Overnight apart from developments over Trump’s health, we also had an RBA monetary policy decision. The Bank decided to keep both the cash rate and the target for the 3-year Government bond yields unchanged at 0.25%. In the accompanying statement, officials said that they continue to consider how additional stimulus could support jobs as the economy opens up further, but also noted that the decline in Q2 output was smaller than in most other countries. They added that labor market conditions have improved somewhat over the past few months and that the unemployment rate is likely to peak at a lower rate than earlier expected.

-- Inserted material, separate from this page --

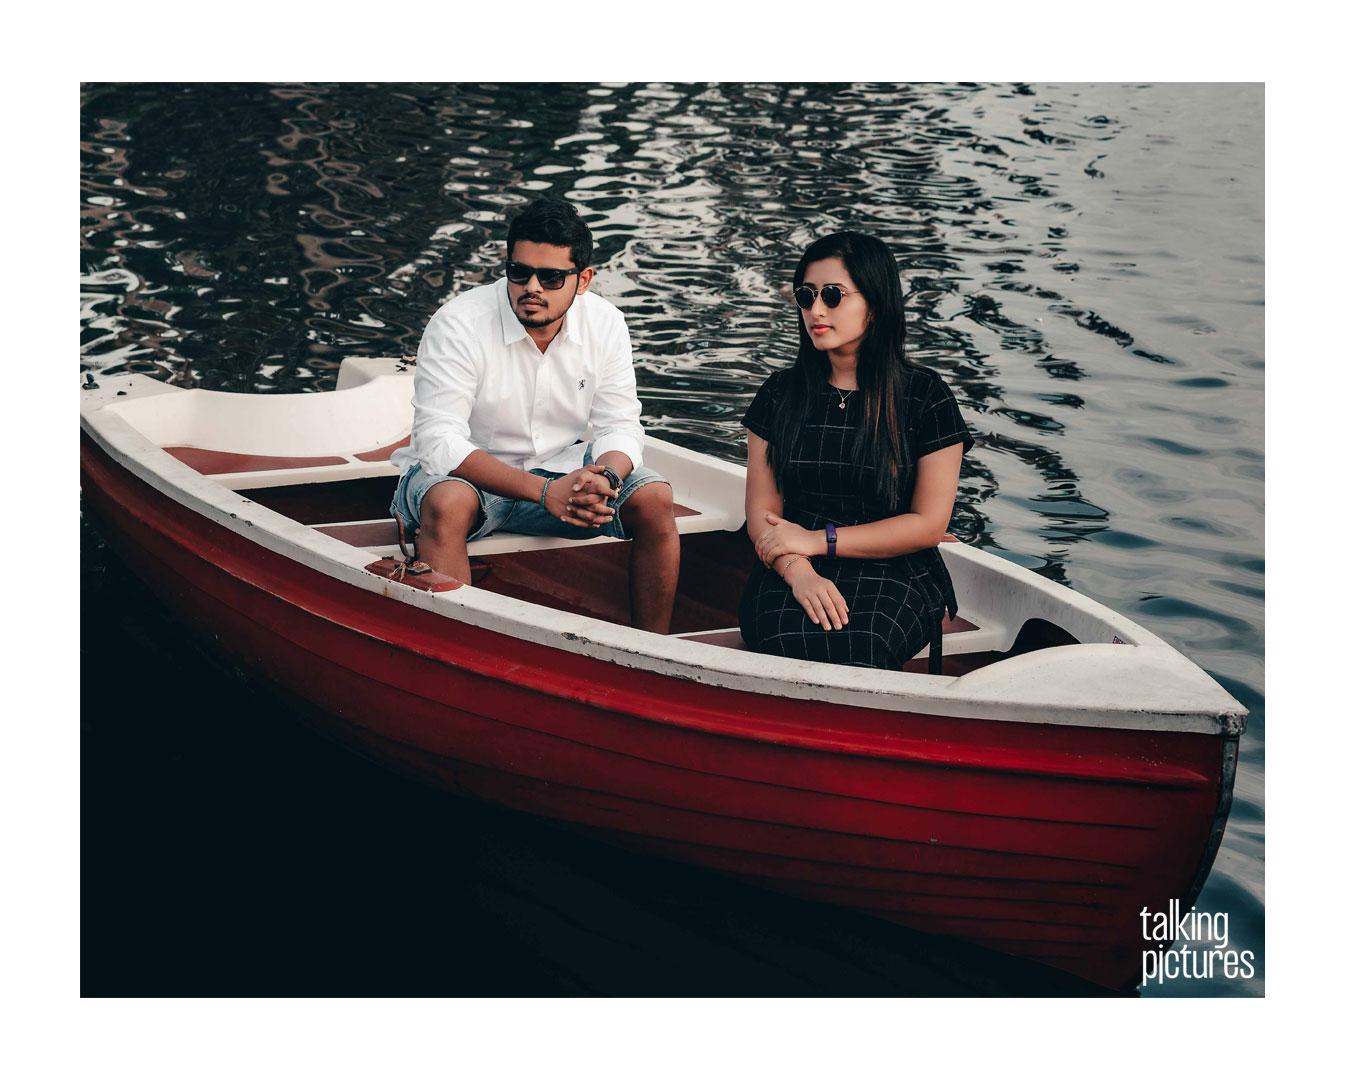 Boat Couple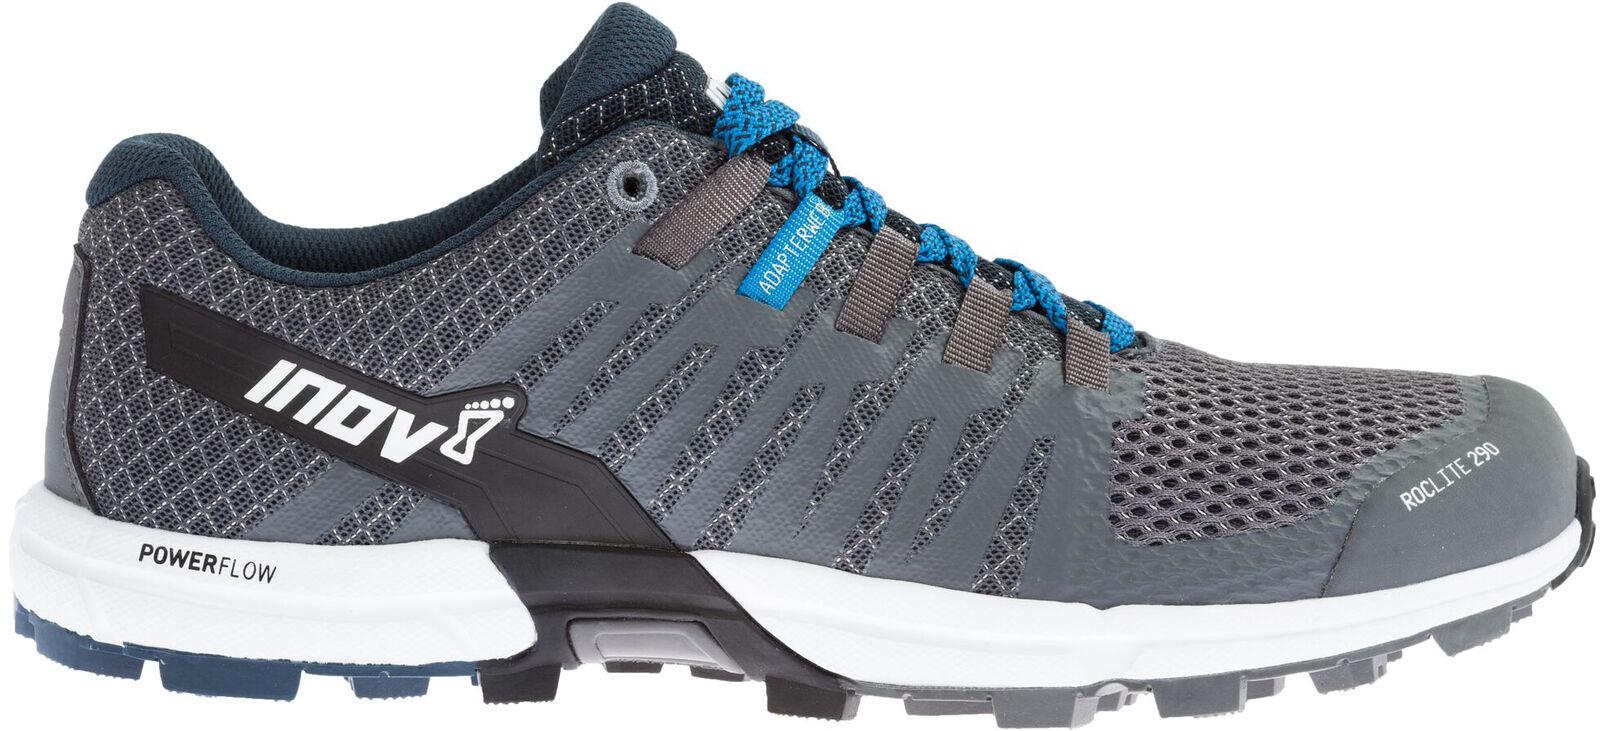 Inov8 Roclite Herren 290  Herren Roclite Trail Running Schuhes - Grau c1cf23

Remember that a couple of weeks ago, RBA Deputy Governor Guy Debelle flagged the prospect of more easing, with options including currency market intervention and negative interest rates. This raised speculation that officials could hit the cut button as early as today, and thus, an unchanged policy with a relatively more sanguine statement than before resulted in a higher Aussie at the time of the release. However, the currency was quick to give back the decision-related gains and to trade even lower, perhaps due to the fact that officials kept the door for additional easing wide open. In any case, we believe that Aussie traders are likely to turn their attention back to headlines and developments surrounding the broader market sentiment. As a risk-linked currency, the Aussie tends to strengthen during periods of market optimism, while it underperforms when investors trade in a risk-off manner.
Since the reversal to the upside in the end of September, AUD/USD continues to slowly grind higher. The pair is currently balancing above a short-term tentative upside support line, drawn from the low of September 30th, and keeps oscillating around the 200 EMA on our 4-hour chart. That said, the rate is struggling to overcome the 0.7209 barrier, which is the current highest point of October. In order to aim for slightly higher areas, we would need to see a break above that barrier first. Until then we will take a cautiously-bullish approach.
If, eventually, the pair does climb above that 0.7209 hurdle, that may attract a few more buyers into the game, who could help push the rate further north. AUD/USD might then travel to the 0.7235 obstacle, a break of which may open the way to the 0.7254 level. That level marks the low of September 17th. The pair might get halted around there, as it could also find resistance near a short-term tentative downside line taken from the high of September 1st. If the rate finds it difficult to overcome that line, this whole move higher may be seen as a temporary correction, before another leg of selling.
Alternatively, if the pair breaks the aforementioned upside line and then falls below the 0.7162 hurdle, marked by the low of October 5th, that may spook the buyers from the arena for a while and allow the sellers to take control. In that case, AUD/USD might end up sliding towards the 0.7130 obstacle, a break of which could open the way to the 0.7100 level, which is the low of September 30th.
During the European session, the UK construction PMI for September is coming out, and the forecast points to a small decrease, to 54.1 from 54.6. Later in the day, we get the US and Canadian trade balances for August. Both the US and Canadian deficits are expected to have widened somewhat.
With regards to the energy market, we have the API (American Petroleum Institute) weekly report on crude oil inventories, but as it is always the case, no forecast is available.
As for the speakers, we have four on today’s agenda: ECB President Christine Lagarde, Fed Chair Jerome Powell, ECB Chief Economist Philip Lane, and Philadelphia Fed President Patrick Harker.